Он всерьез задумался. Я терпеливо ждал, пока его седую голову наконец посетит дельная мысль. Конечно, мой поступок более приличествовал школьному ябеде, чем полицейскому детективу, однако в данном случае действовать иначе было бессмысленно: не упомяни я о Такере, Гафтенберг попросту выставил бы меня за дверь. Теперь же у меня появился реальный шанс разжиться необходимыми данными гораздо раньше пресловутого полудня.

– Твоя взяла, Тайлер, – сдался Адам. – Я тут бьюсь, точно рыба об лед, сил не жалею, перепроверяю по двадцать раз… но вам, оперативным сотрудникам, до моих мук конечно же дела нет!

Ухватив за уголок черную папку с бумагами, он резким движением подвинул ее к себе. Я протянул руку, намереваясь забрать результаты.
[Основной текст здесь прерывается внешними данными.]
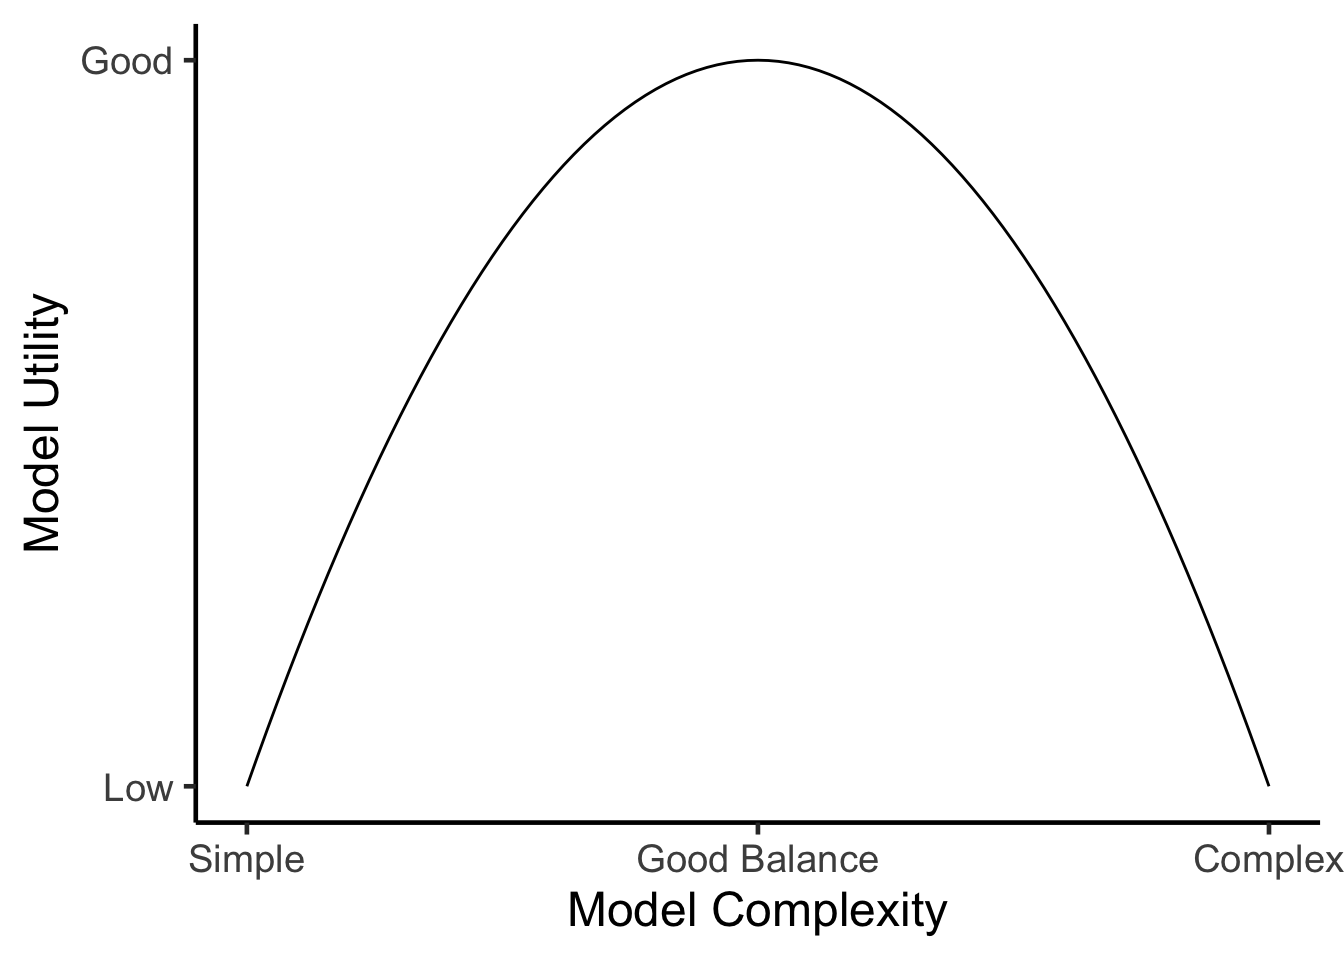 General relationship between model complexity and model utility, whereby the highest model utility is typically achieved for models that are not too simple and not too complex.

Он с неприязнью посмотрел на мою ладонь, обреченно вздохнул, но с папкой все-таки расстался. Я едва сдержал самодовольную улыбку: нет, старый брюзга ошибся – немного везения у меня еще осталось. Зажав трофейную папку под мышкой, я вновь отправился в управление.

Усевшись за рабочий стол, я раскрыл талмуд Гафтенберга и углубился в чтение. По большей части, это была лишь кучка тяжеловесных, заумных словечек, призванных своей вычурностью скрыть практически полное отсутствие полезных делу фактов. Иначе говоря, Адам нашел совсем немного.

– Боги… – простонал я, перелистывая очередную страницу. – Ну и зануда…

Писанина Гафтенберга, по сути, бессмысленная, быстро мне наскучила, и я пролистал в самый конец, дабы ознакомиться с заключением. И вот тут-то я наконец смог обнаружить кое-что интересное.

Оказывается, в складках одежды убитого Фег-Фега нашелся осколок черной пуговицы. Гафтенбергу не удалось восстановить надпись, однако я тут же узнал ее, едва увидел снимок. Это был кусочек пуговицы с символикой «Дядюшка Скрэби». Я удивленно выгнул бровь и, поднеся лист ближе к глазам, еще раз осмотрел фото, приложенное к отчету. Нет, все верно. Эту «Д» я ни с чем не спутаю: столько раз ее видел.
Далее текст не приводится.